The Turn of the Screw

Literary significance and criticism

The dispute over the ghosts' reality has had a real effect on some critics, most notably Edmund Wilson, one of the first major proponents of the insane governess theory. Wilson eventually recanted his opinion after considering the governess's point-by-point description of Quint. Then John Silver[2] pointed out hints in the story that the governess might have gained previous knowledge of Quint's appearance in non-supernatural ways. This induced Wilson to recant his recantation and return to his original opinion that the governess was delusional and that the ghosts existed only in her imagination.

William Veeder sees Miles's eventual death as induced by the governess. In a complex psychoanalytic reading, Veeder concludes that the governess expressed her repressed rage toward her father and toward the master of Bly on Miles.

Other critics, however, have strongly defended the governess. They note that James's letters, his New York Edition preface, and his Notebooks contain no definite evidence that The Turn of the Screw was intended as anything other than a straightforward ghost story, and James certainly wrote ghost stories that did not depend on the narrator's imagination. For example, “Owen Wingrave″ includes a ghost that causes its title character's sudden death, although no one actually sees it. James's Notebooks entry indicates that he was inspired originally by a tale he heard from Edward White Benson, the Archbishop of Canterbury. There are indications that the story James was told was about an incident in Hinton Ampner, wherein in 1771 a woman named Mary Ricketts moved from her home after seeing the apparitions of a man and a woman, day and night, staring through the windows, bending over the beds, and making her feel her children were in danger.[3][4]

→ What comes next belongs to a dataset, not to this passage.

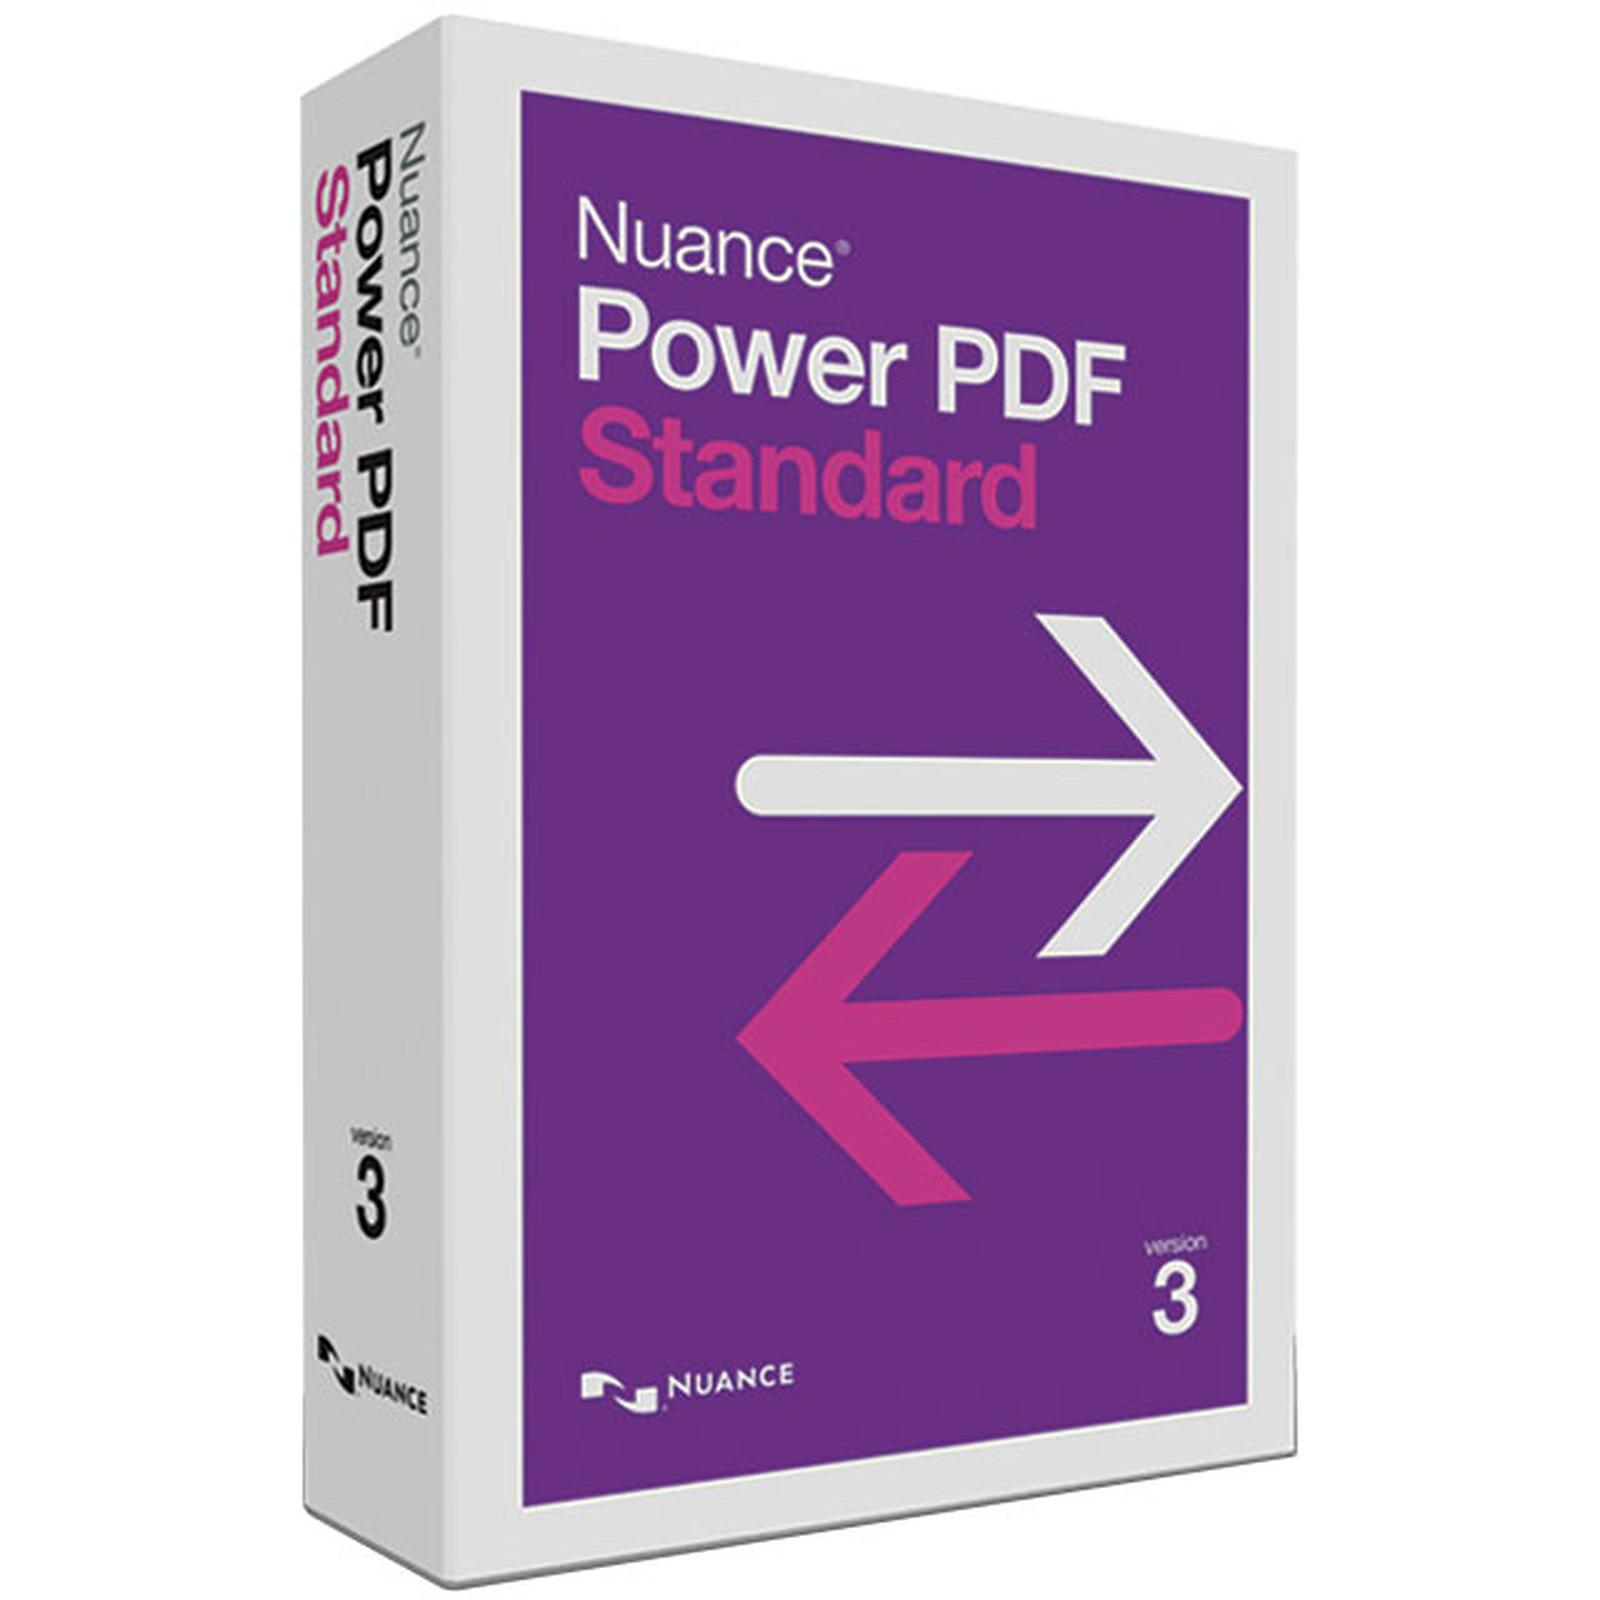 Nuance Power PDF Standard version 3

Perhaps the critical perspective that best captures James's own thinking and methods, given the work's notably rococo style, which incessantly qualifies statements and counters any attempt at straightforward exposition, is that of Brad Leithauser:

All such attempts to 'solve' the book, however admiringly tendered, unwittingly work toward its diminution[; its] profoundest pleasure lies in the beautifully fussed over way in which James refuses to come down on either side... the book becomes a modest monument to the bold pursuit of ambiguity.[5]

According to Leithauser, we are meant to entertain both the proposition that the governess is mad and the proposition that the ghosts really do exist, and consider the dreadful implications of each.

James revised the novella substantially over the years. In The Collier's Weekly Version of The Turn of the Screw, Peter G. Beidler presents the tale in its original serial form and presents a detailed analysis of the changes James made over the years. Among many other changes, James changed the children's ages.[6]

Poet and literary critic Craig Raine, in his essay "Sex in nineteenth-century literature", states quite categorically his belief that Victorian readers would have identified the two ghosts as child molesters.[7]